The title of his presentation will be ‘A Contract-Based Framework for Integrated Demand Response Management in Smart Grids’.
As a complex cyber-physical system, smart grid involves three closely-related subsystems – the operating system and control algorithms, the physical components and devices, and the sensing and computation devices or embedded implementation platform. In the traditional top-down approach, the control algorithm, the physical components, and the embedded platform are designed separately leading to suboptimal systems. Smart grid ecosystem has been going through major upgrades in three verticals: 1) new hardware such as solar panels, wind generation turbines, and plug-in electric vehicles, 2) new sensing devices such as smart meters and smart thermostats, and 3) new communication and computation infrastructure such as the broadband two-way communication and cloud computation. Consequently, these breakthroughs in hardware and software have paved the way for new operational schemes, such as automated demand response and ancillary service from some unlikely sources such as buildings.
In this new paradigm, buildings are beginning to play new roles in the operation of the smart grid as entities for trading energy in real-time. As a result, the need for re-designing the smart grid architecture and operation is more apparent than ever. We propose an operating system that aggregates all the data from disparate data sources across the whole smart grid value chain, applies analytics on the data. The proposed operating system leverages a dynamic contractual framework that in real-time analyzes the requirements of the grid on one side, and requirements of the building on the other side and performs optimal operation of the whole system while taking into account the constraints of all the components of the grid from buildings to electric vehicle charging station all the way up to the generation units.
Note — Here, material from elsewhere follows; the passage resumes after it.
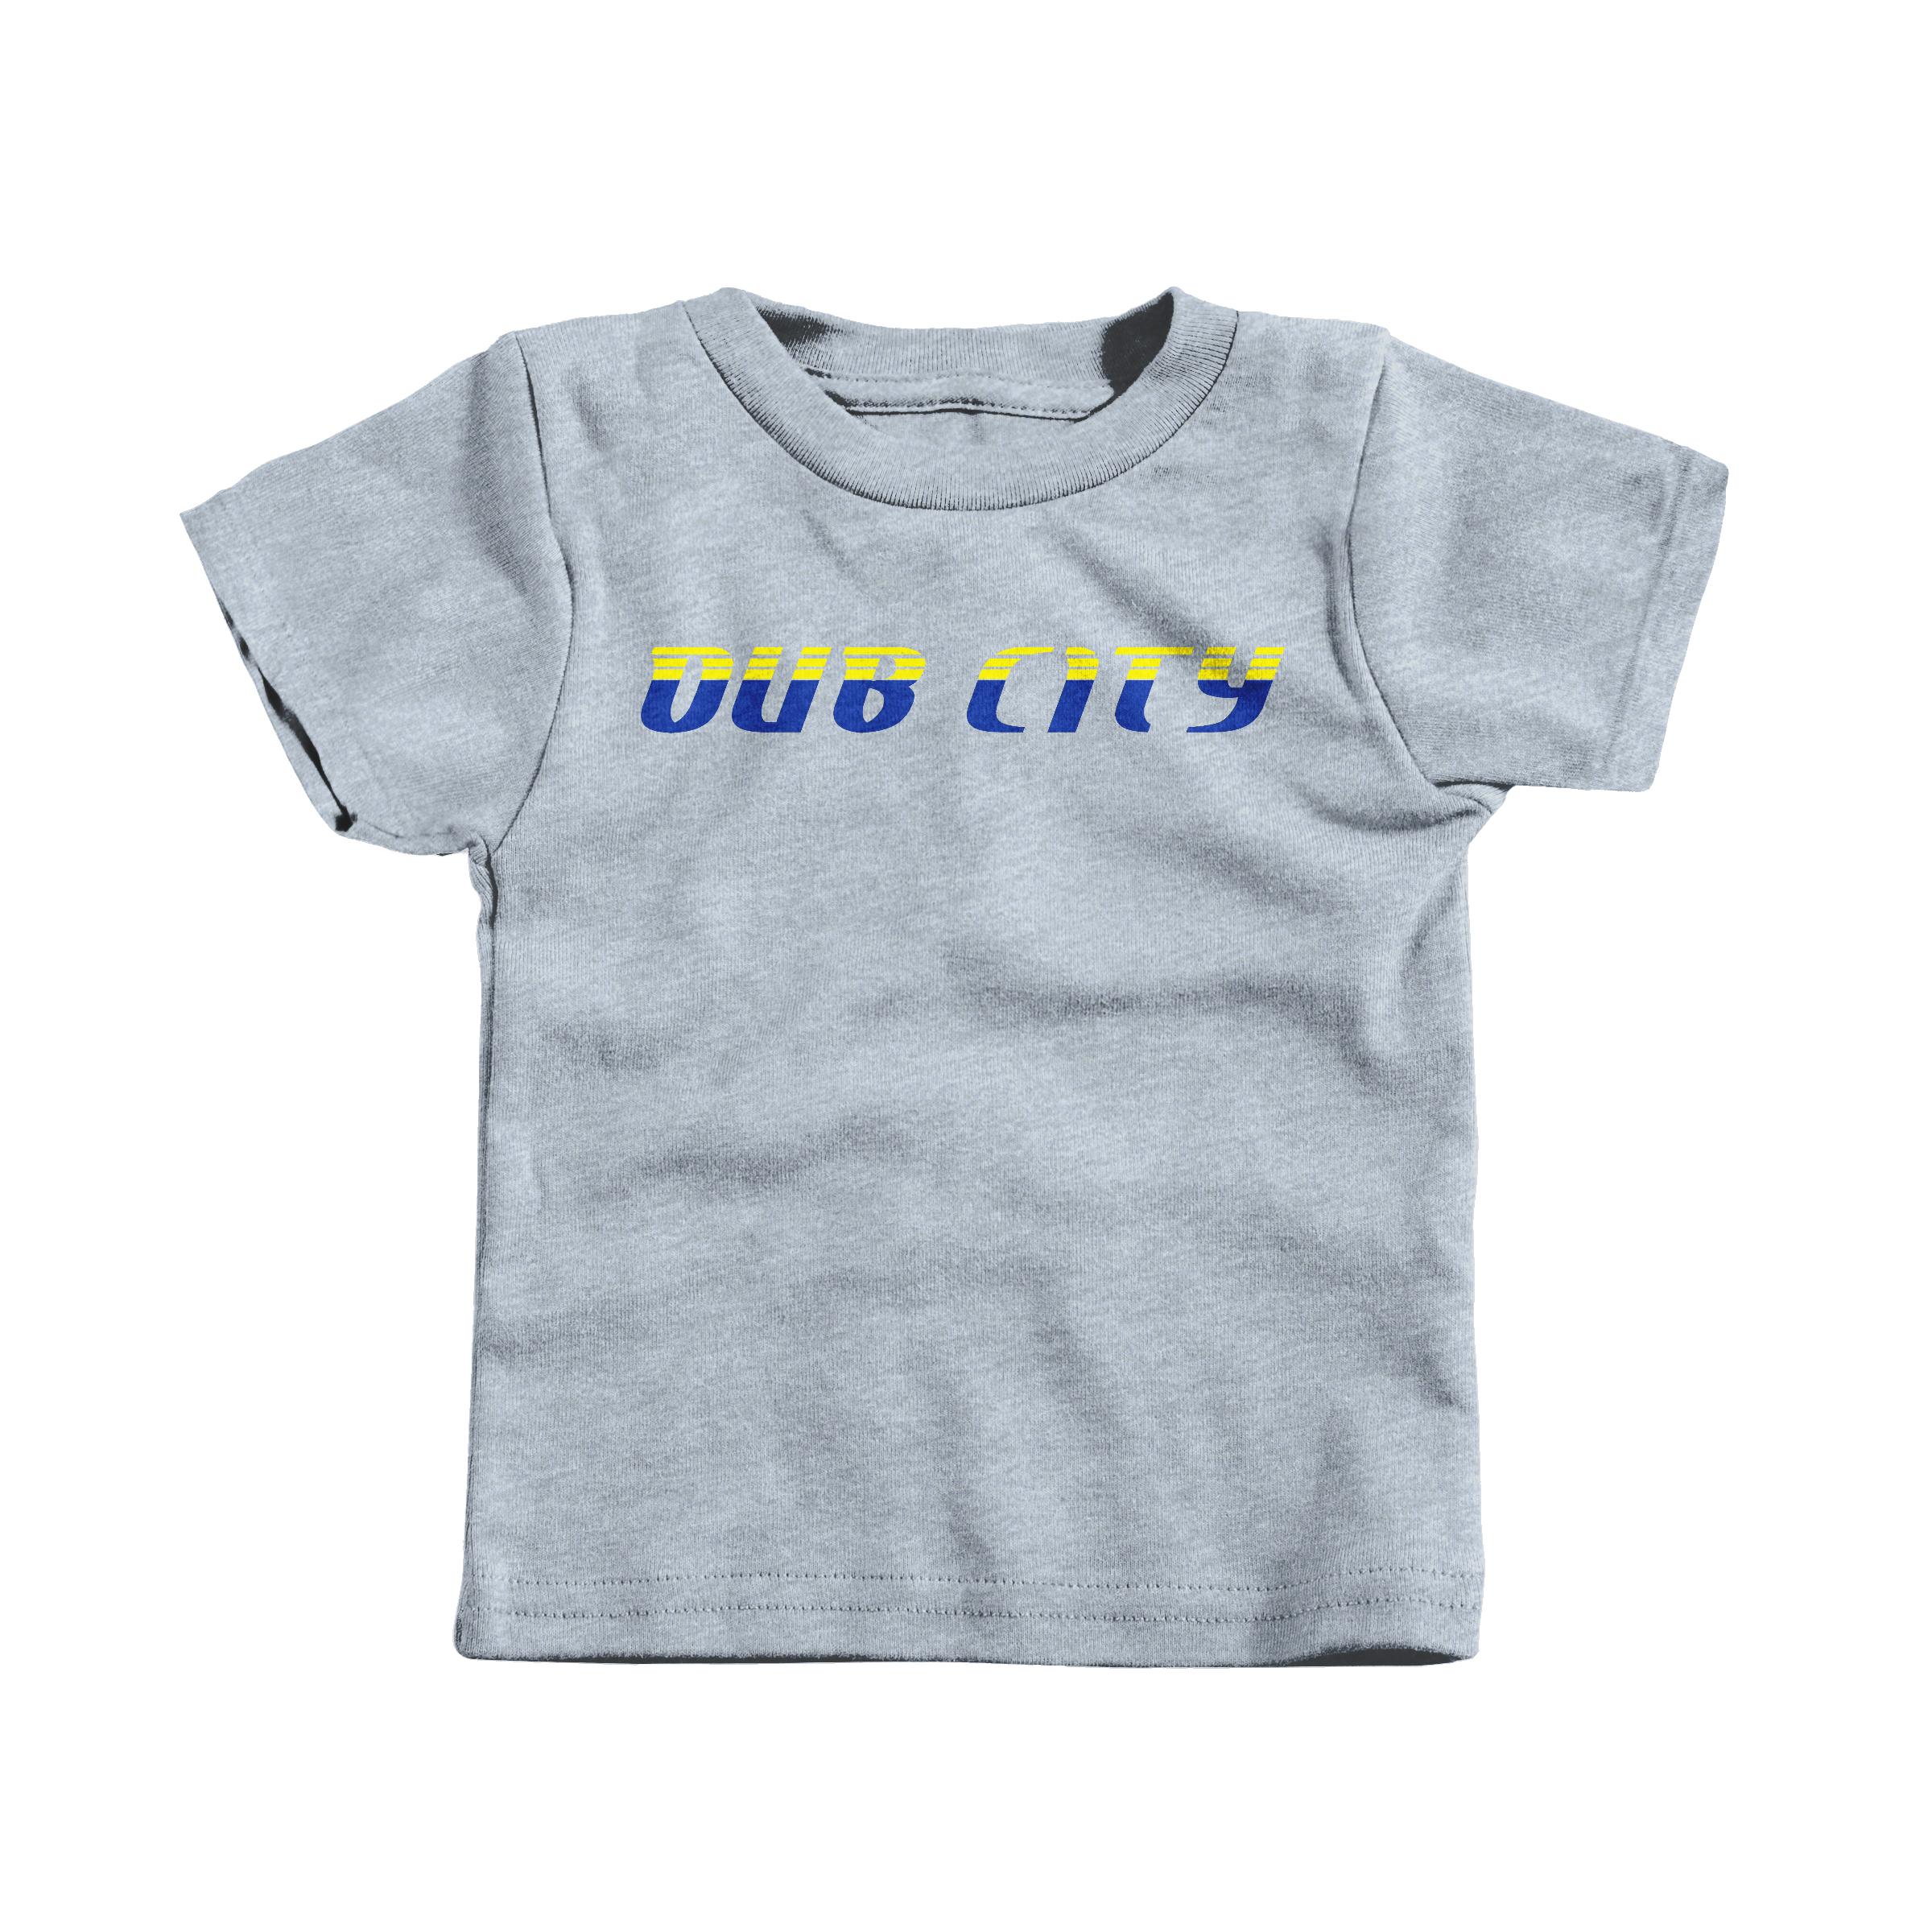 Dub City Two-tone Heather Grey (T-Shirt)
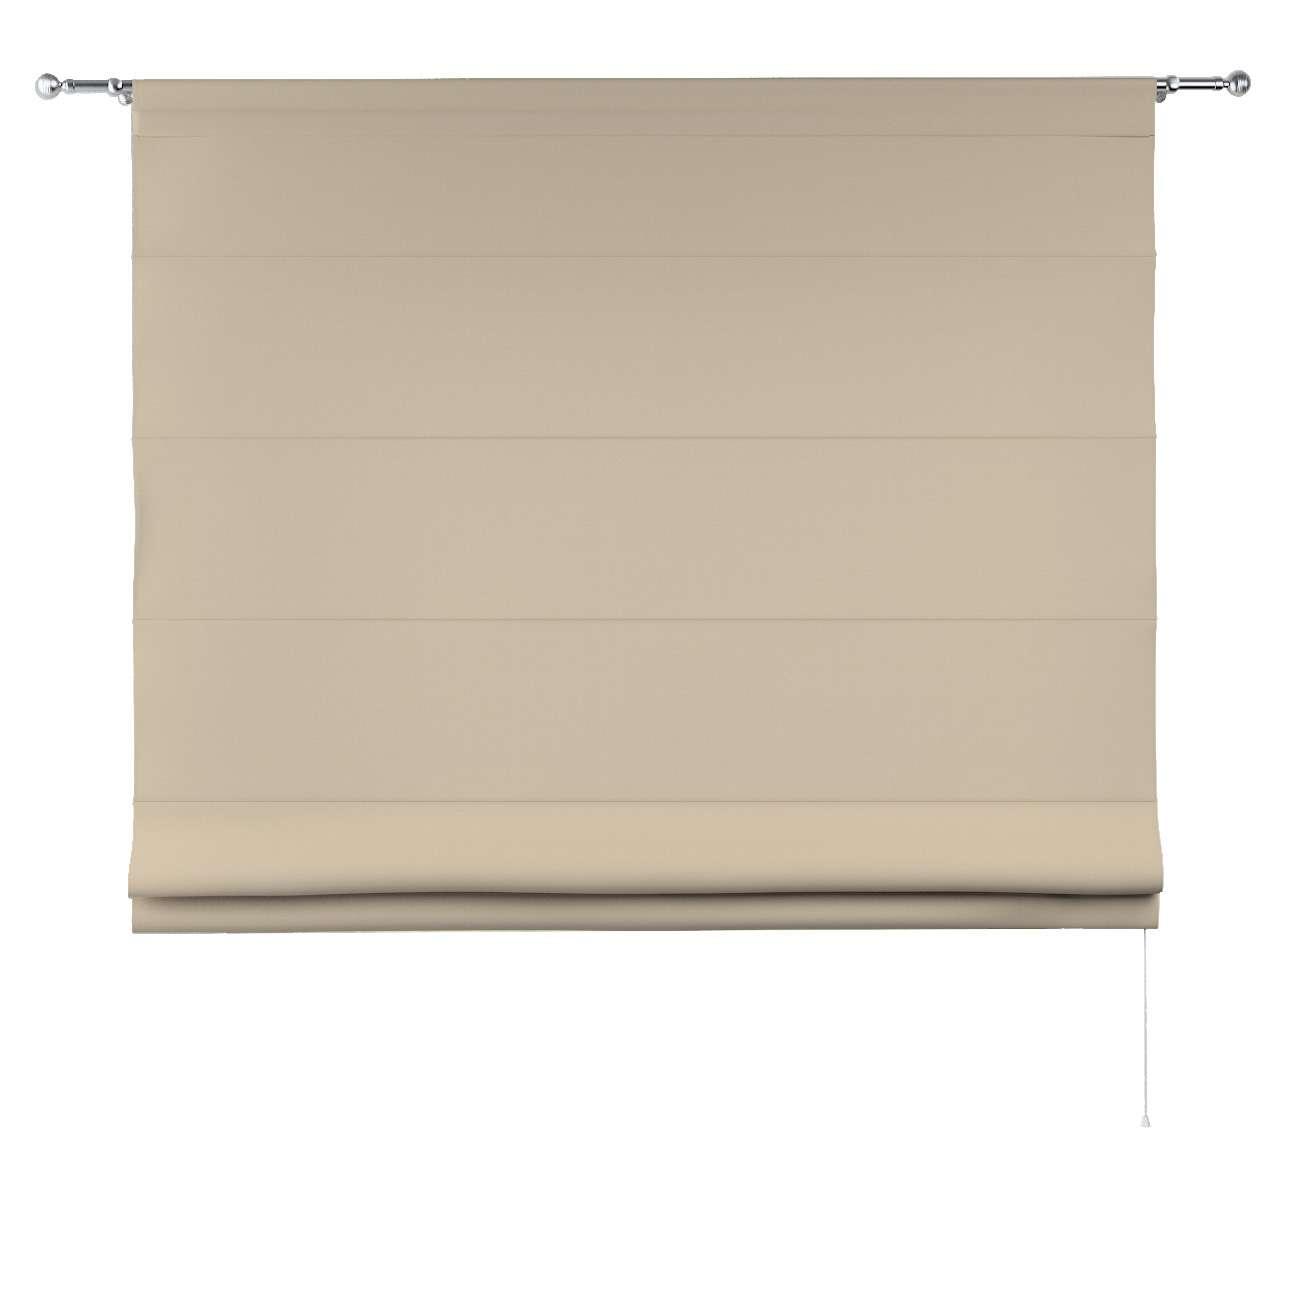 Rímska roleta Torino V kolekcii Cotton Panama, tkanina: 702-01

Mehdi Maasoumy is a Senior Data Scientist at C3 Energy where he is responsible for developing machine learning algorithms for smart grid applications both in supply side such as revenue protection and load forecasting, and in demand side such as energy disaggregation and customer segmentation. He received his PhD from University of California at Berkeley in 2013. His PhD research involved Model Predictive Control, Machine Learning and Optimization, applied to Cyber-Physical Systems specifically energy systems.
He worked on smart buildings control systems, optimal resource allocation in smart grid and aircraft electric power distribution systems during his PhD. He has authored more than 30 peer-reviewed conference and journal papers and a book chapter in the area of optimal control and machine learning applied to cyber-physical systems such as power systems. He has won several academic awards. He is the recipient of the Best Student Paper Award at the International Conference on Cyber-Physical Systems (ICCPS 2013), Best Student Paper Award finalist at the ASME Dynamic Systems and Control onference (DSCC 2013), and Best Student Paper Award finalist at the IEEE American Control Conference (ACC 2014). He serves on the technical program committee of several academic conferences such as IEEE Green Energy and Systems Conference (IGESC) and IEEE International Symposium on Nano-electronic and Information Systems (iNIS) and IEEE Silicon Valley Computer Society.